Some weeks after the big accident, when I was driving through that same intersection, with the same two friends this time sitting in the back seat of my own car, we nearly got hit in the same way! I didn’t blow the stop sign, of course, but I guess I hadn’t clearly seen oncoming traffic either. Chalk it up to momentary PTSD perhaps. That was surreal, if not hilarious after the fact.

Did I die? I’m not sure. Did I have an out-of-body or near-death experience? I can’t say because I don’t recall. Whatever happened, it didn’t remain accessible to me, and I haven’t attempted anything such as hypnosis or experiment otherwise to retrieve those memories. But given the nature of the accident and what could have happened, I can say quite confidently that there would have been some kind of intervention.

I didn’t feel much different after the incident, as far as I can recall. I didn’t have an epiphany nor critical decision that would alter the trajectory of my life’s path. I took it in stride, and perhaps a little too easily, looking back. I had back and shoulder issues for years after the fact. I think releasing any and all resentment I may have had toward those involved helped, for it wasn’t until recent years that I’d noticed those aches had gone away. How could it not? I could just as easily have had the same accident not long after the fact. Wouldn’t I hope those involved would forgive me as well for a momentary lapse in judgment?

* * *

Life is a fleeting thing here on Earth. I wish answers were more readily available as to its meaning, purpose, and design. I’ve generally taken things as they come, perhaps a little too passive overall, but I’ve trusted that there are reasons for things out of my control. But I’ve also struggled immensely along the way trying to understand, rationalize, and justify the seemingly endless pattern of suffering and pain that most of us have to endure, in between times of relative peace and, hopefully, joy and tranquility. In my younger years, I was motivated by ideas of waking up the masses and shaking up the status quo. It was an inexhaustible fuel for my music, which, over the years, shifted more into my writings and articles such as this one.
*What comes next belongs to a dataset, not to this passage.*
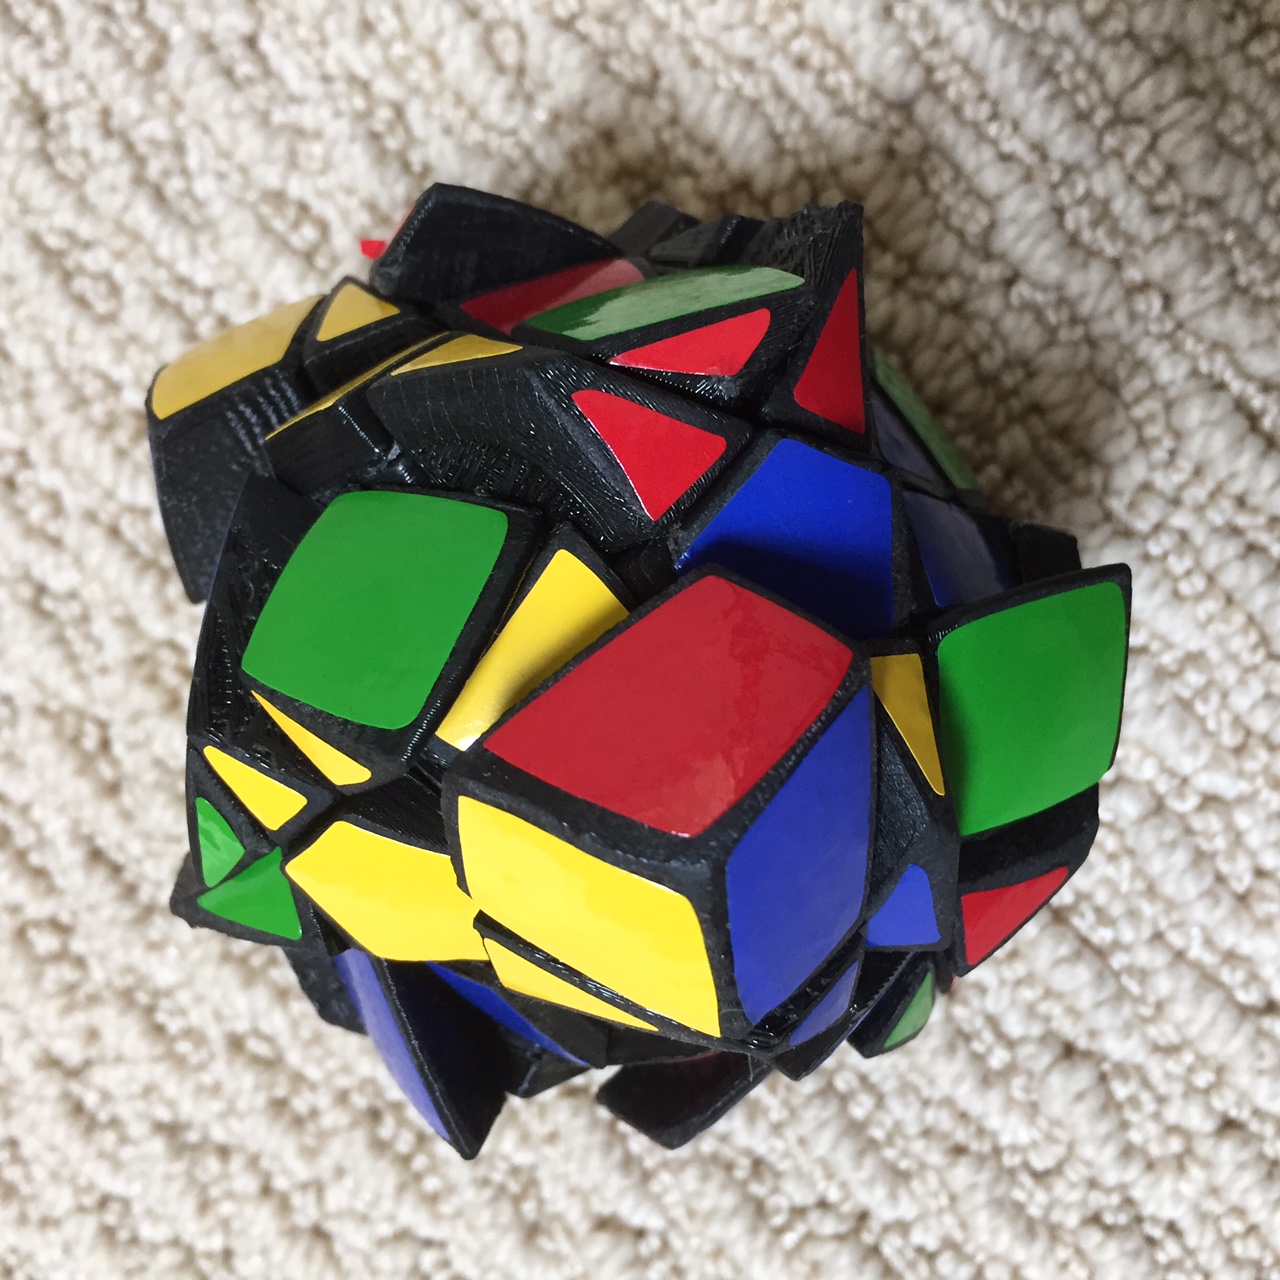 Reuluauxminx (Rubik's Cube-Type Puzzle)

Regardless of how much a person may strive to maintain a cool head and simply absorb and adapt to life as it comes at them, there persists an uneasiness just below the surface that I won’t pretend I will ever accept as normal nor attempt to make silent. The noise is endemic to this realm; it exists and has an effect on us all. I don’t know if it was always this way, but for those of us in the here and now, we’re certainly of a particular makeup that is necessary for living in this era of great fluctuation and change.

We may go through life never experiencing something as dramatic as a near-death event. Or, we may go through a number of these near-miss events without any significant or obvious effect. For some, it is a catalyst for change. For others, it may mean nothing. Quite often we see those who have endured and survived the worst a human can go through come out the other side to pursue “the impossible” and succeed, when, perhaps if they hadn’t had those challenges to overcome, they would have likely lived a normal and perhaps excruciatingly routine existence.

It is my observation that it’s far more likely that we may die a long, slow death, existing as a mere shadow of our potential selves, playing out our story in quiet desperation, unconsciously and unwittingly succumbing to the machinations and manipulations of the system we are born into, whether it’s perceived as good or bad.

Is that good enough for you? If not, break the pattern.